4- (4-amino-1- (1- (4- ((2-aminophenyl) amino) -4-oxobutyl) piperidin-3-yl) -1H-pyrazolo [3,4-d ] pyrimidin-3-yl) -N- (4- (trifluoromethyl) pyridin-2-yl) benzamide (Z32)
White solid, 43% yield, mp:124-126 ℃; 1 H NMR(400MHz,DMSO-d 6 )δ11.39(s,1H),9.13(s,1H),8.70(d,J=4.9Hz,1H),8.58(s,1H),8.29(s,1H),8.22(d,J=8.1Hz,2H),7.82(d,J=8.0Hz,2H),7.56(d,J=4.6Hz,1H),7.15(d,J=7.6Hz,1H),6.88(t,J=7.4Hz,1H),6.71(d,J=7.8Hz,1H),6.53(t,J=7.4Hz,1H),4.93–4.76(m,3H),3.07(d,J=7.2Hz,1H),2.93(d,J=9.7Hz,1H),2.50–2.38(m,4H),2.37–2.33(m,2H),2.06–2.00(m,1H),1.98–1.91(m,1H),1.89–1.80(m,1H),1.79–1.74(m,2H). 13 C NMR(100MHz,DMSO-d 6 )δ171.57,166.73,158.62,156.16,154.46,153.71,150.41,143.06,142.40,138.82,137.02,133.67,129.43,128.66,126.18,125.83,124.01,123.42,116.64,116.33,115.69,110.29,97.98,58.23,57.71,53.92,53.09,34.13,30.07,24.66,22.97.HRMS(ESI):calcd for C 33 H 33 F 3 N 10 O 2 [M+H] + 659.2813,found 659.2812。

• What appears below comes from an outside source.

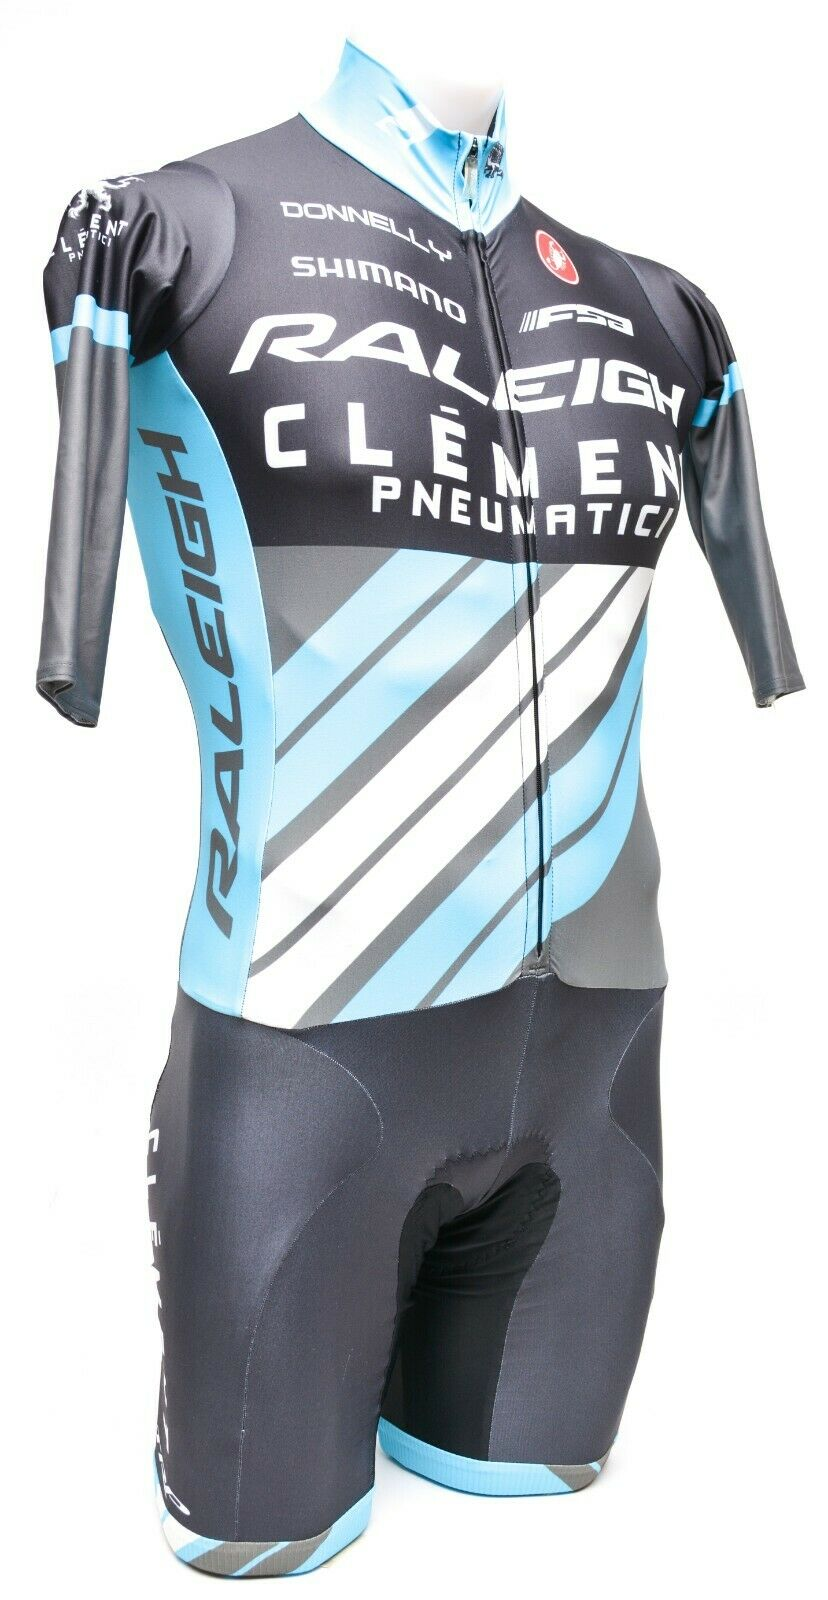 Castelli 34 Sleeve Skinsuit XS Raleigh Clement FSA Road Bike MTB Cyclocross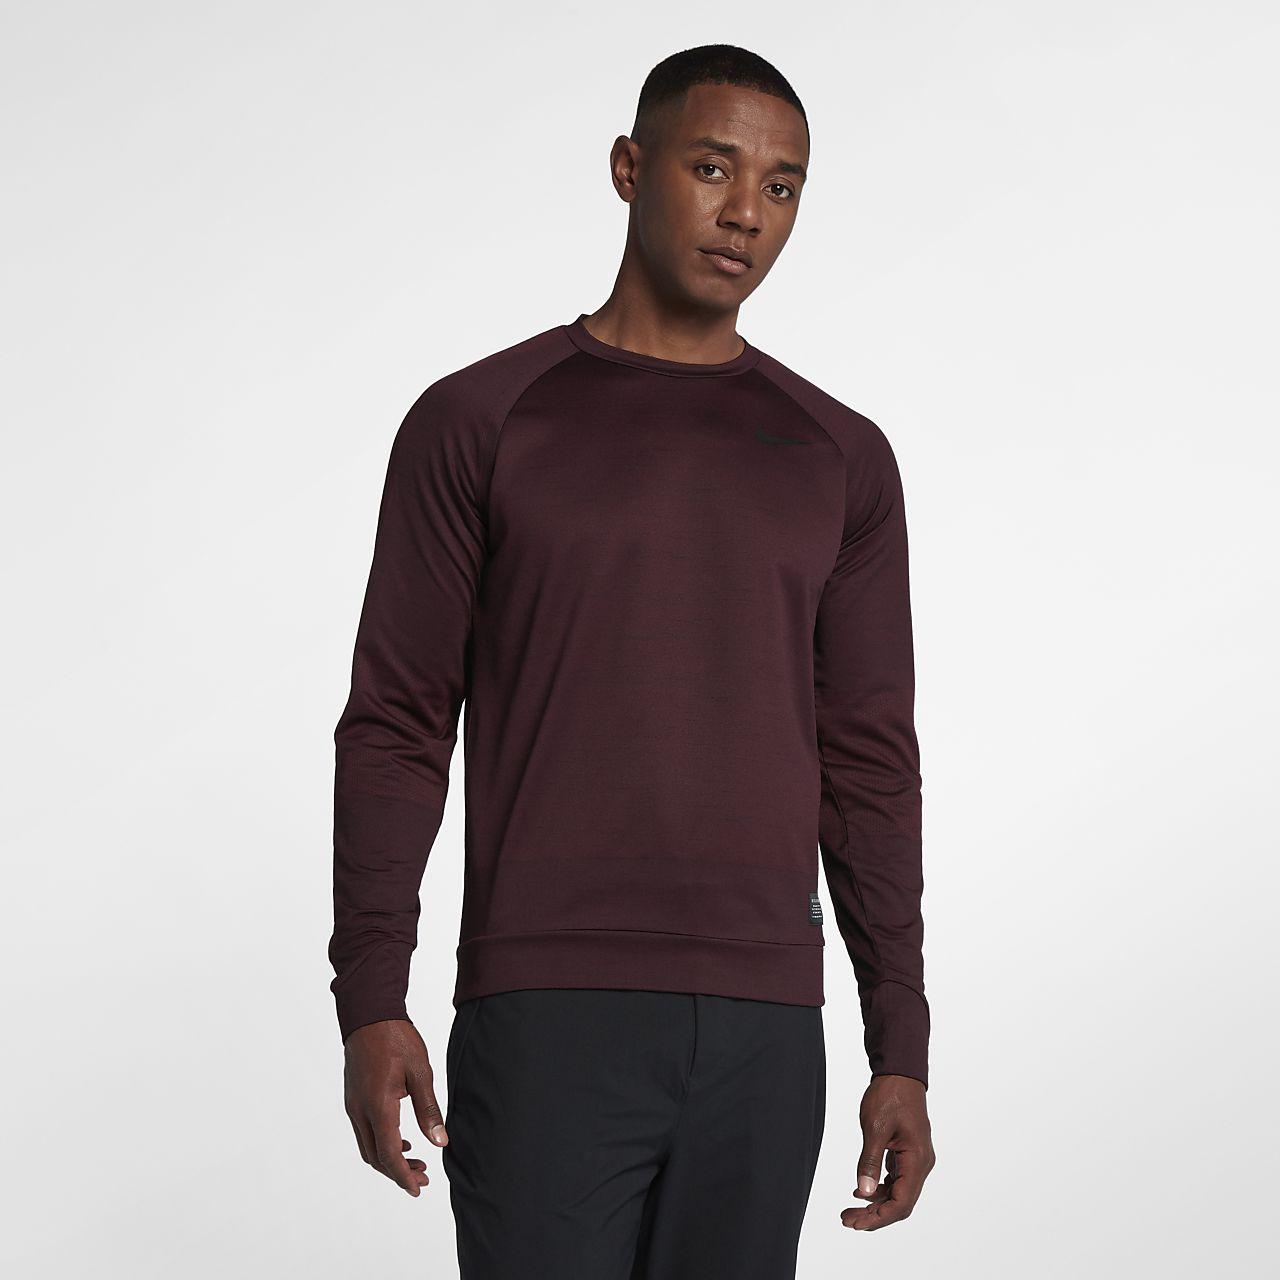 Nike Dri-FIT Men's Long Sleeve Golf Top

4- (4-amino-1- (1- (5- ((2-aminophenyl) amino) -5-oxopentyl) piperidin-3-yl) -1H-pyrazolo [3,4-d ] pyrimidin-3-yl) -N- (4- (trifluoromethyl) pyridin-2-yl) benzamide (Z33)
White solid, yield 22%, mp 138-140 ℃; 1 H NMR(400MHz,DMSO-d 6 )δ11.41(s,1H),9.19(s,1H),8.71(d,J=5.1Hz,1H),8.58(s,1H),8.29(s,1H),8.22(d,J=8.3Hz,2H),7.82(d,J=8.3Hz,2H),7.57(d,J=5.1Hz,1H),7.14(d,J=7.8Hz,1H),6.87(t,J=7.6Hz,1H),6.70(d,J=7.0Hz,1H),6.51(t,J=8.1Hz,1H),4.92–4.78(m,3H),3.06(d,J=10.0Hz,1H),2.92(d,J=10.2Hz,1H),2.48–2.37(m,4H),2.34(t,J=7.2Hz,2H),2.07–1.99(m,2H),1.95(d,J=11.2Hz,1H),1.83(d,J=12.6Hz,1H),1.65–1.56(m,2H),1.54–1.43(m,2H). 13 C NMR(100MHz,DMSO-d 6 )δ171.66,166.71,158.62,156.16,154.46,153.72,150.42,143.04,142.29,138.80,137.04,133.66,129.44,128.65,126.02,125.66,124.11,123.43,116.55,116.34,115.66,110.31,97.99,58.27,57.98,53.93,53.09,36.05,30.05,26.37,24.69,23.77.HRMS(ESI):calcd for C 34 H 35 F 3 N 10 O 2 [M+H] + 673.2969,found 673.2968。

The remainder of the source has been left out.